Dataset content –
* * * * * * *

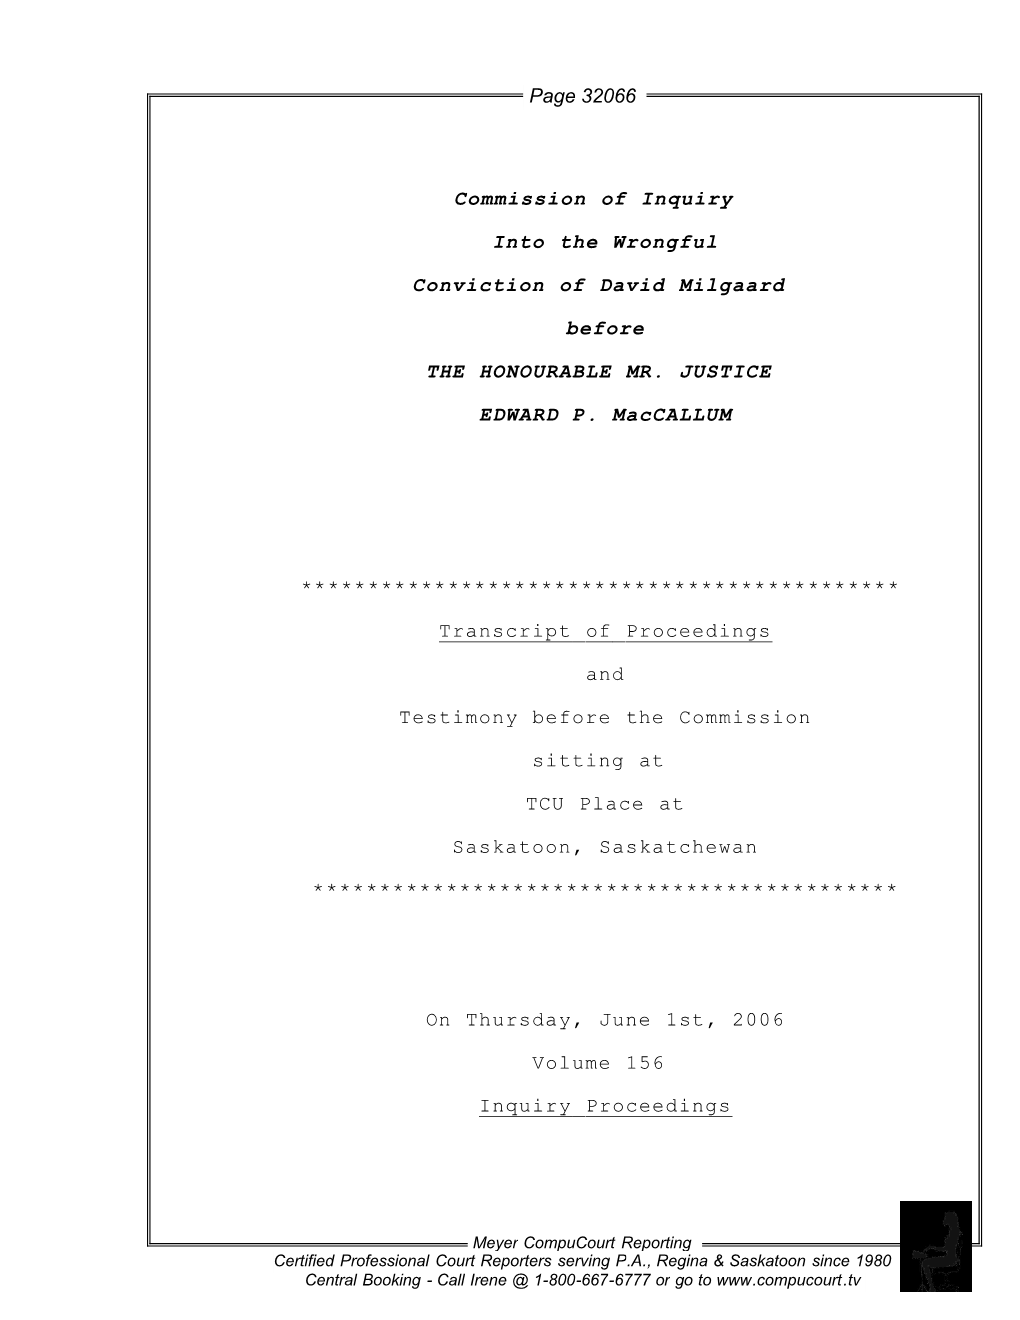 Page 32066 Commission of Inquiry Into the Wrongful Conviction Of
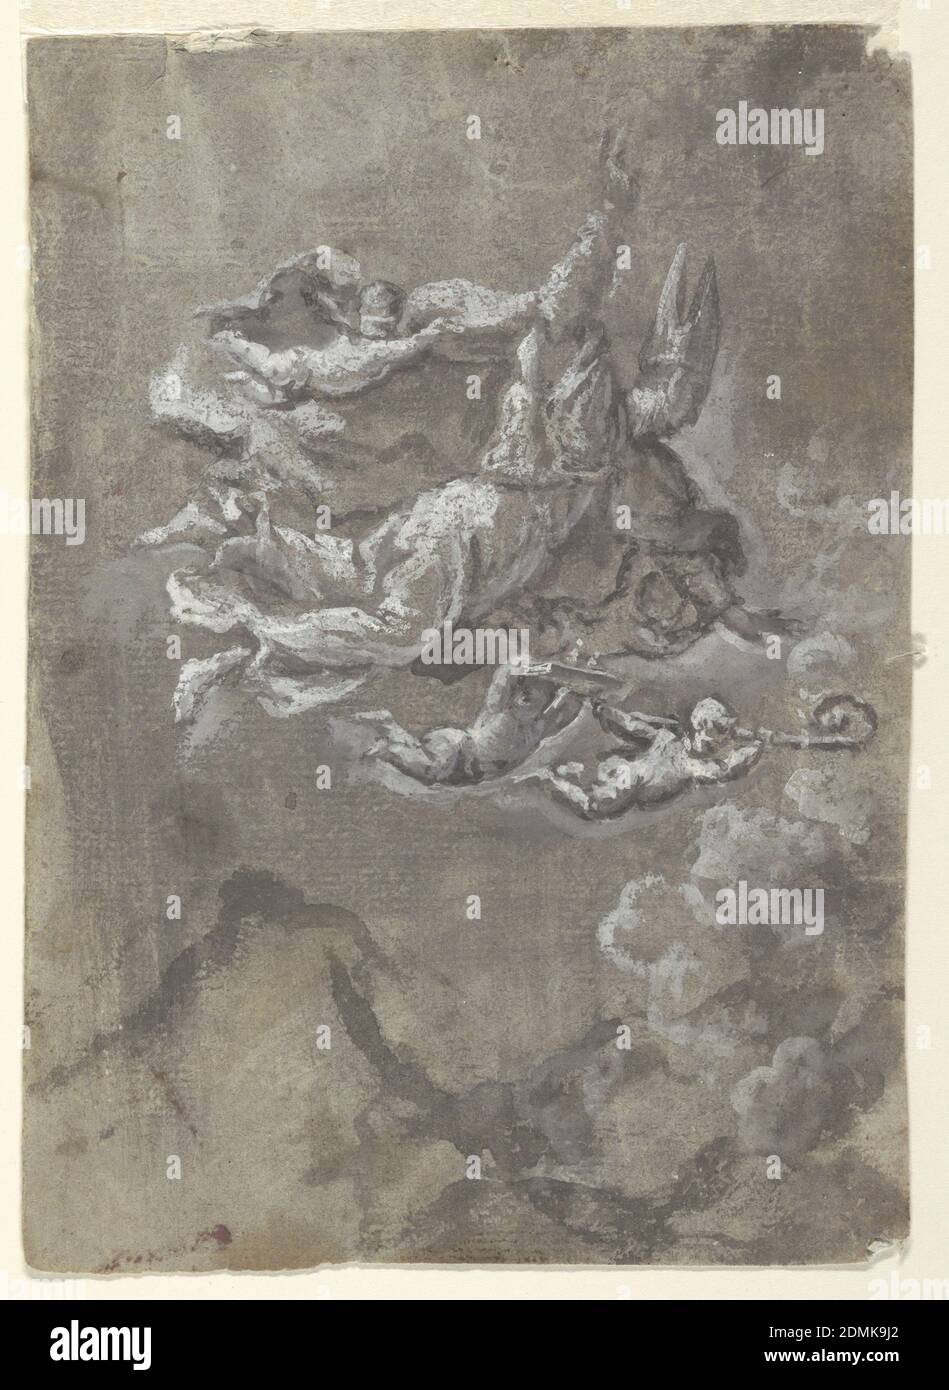 Saint Gennaro Calming Vesuvius, Andrea Vaccaro, Italian, 1604 - 1670, Brush and gray, white wash on paper, Figure of Saint Gennaro at center, flying over Mount Vesuvius with winged putti around him. The putto above him is holding his robe, the putto to the bottom right is holding a book, and the one to the bottom left is holding his crozier., Italy, 17th century, figures, Drawing Stock Photo
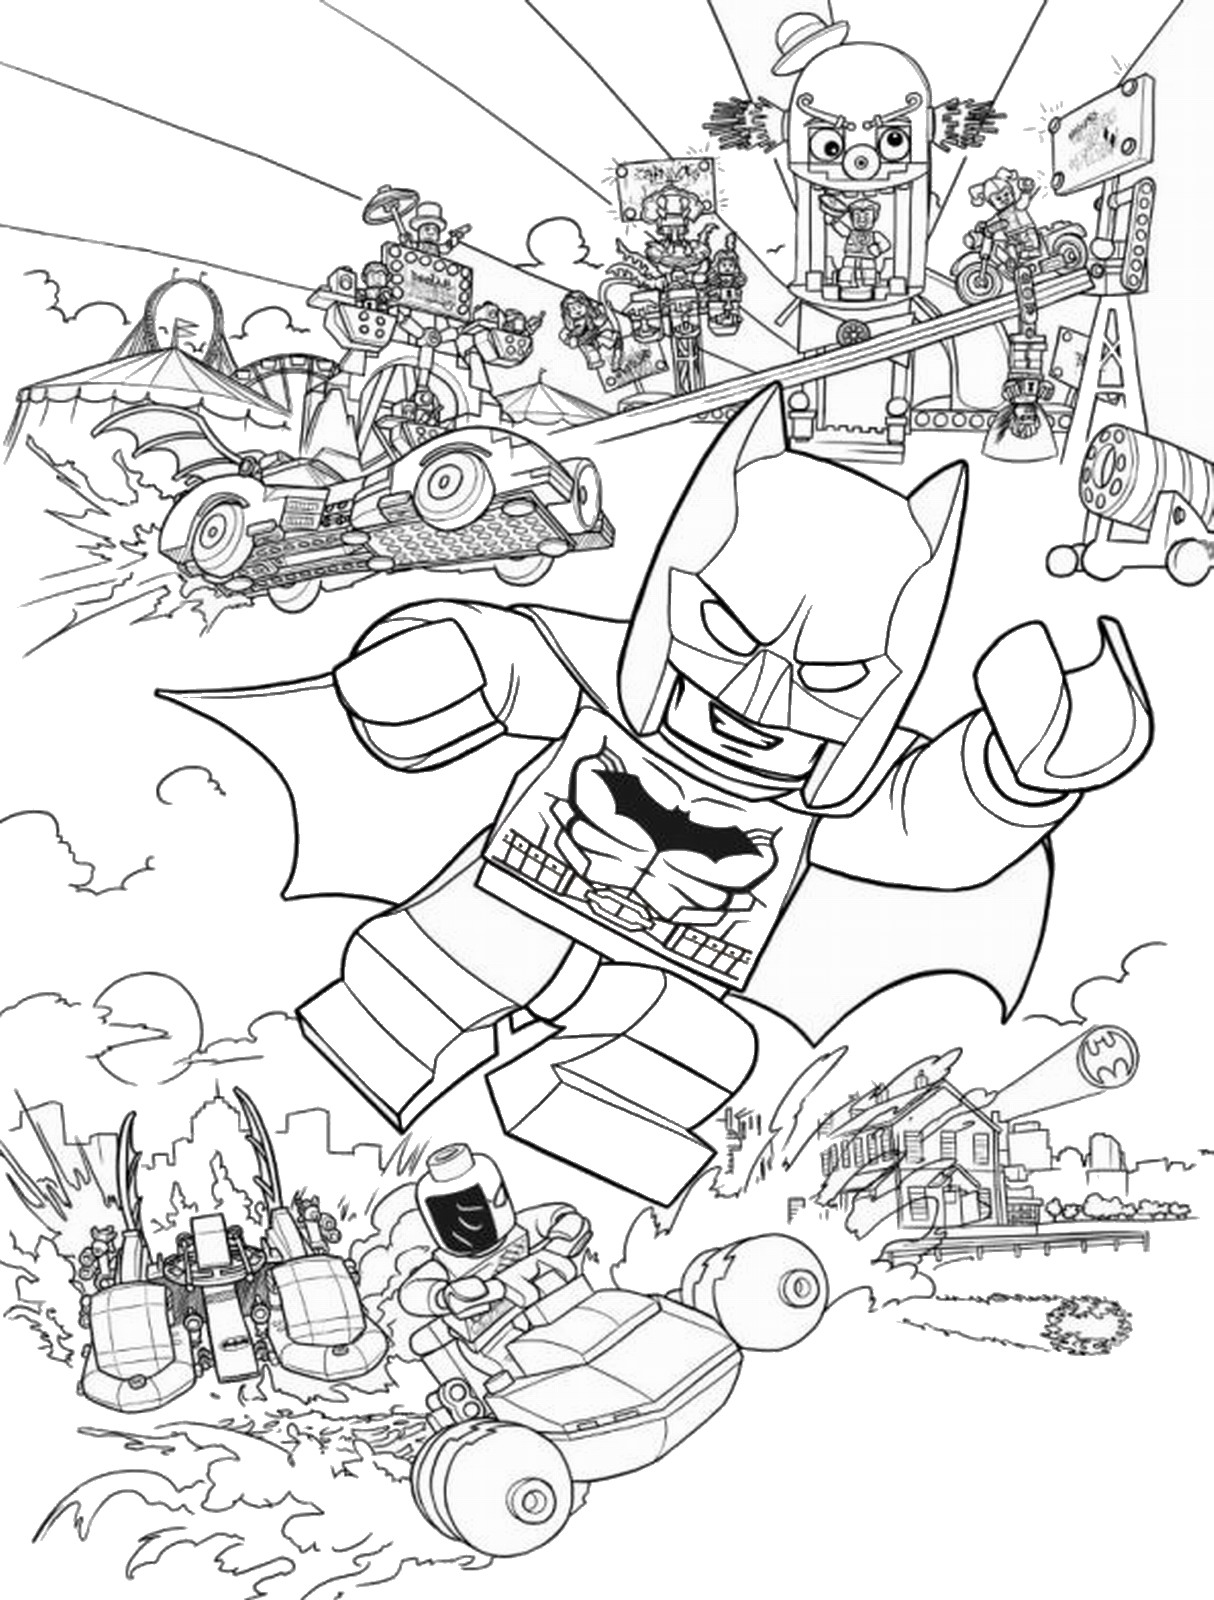 Lego Batman Coloring Pages To Print Coloring Pages

* * * * * * *

Exercise directions –
Could you give back the full listing word for word, leaving out the images?

Reply –
 Page 32066 Commission of Inquiry Into the Wrongful Conviction Of
 Saint Gennaro Calming Vesuvius, Andrea Vaccaro, Italian, 1604 - 1670, Brush and gray, white wash on paper, Figure of Saint Gennaro at center, flying over Mount Vesuvius with winged putti around him. The putto above him is holding his robe, the putto to the bottom right is holding a book, and the one to the bottom left is holding his crozier., Italy, 17th century, figures, Drawing Stock Photo
 Lego Batman Coloring Pages To Print Coloring Pages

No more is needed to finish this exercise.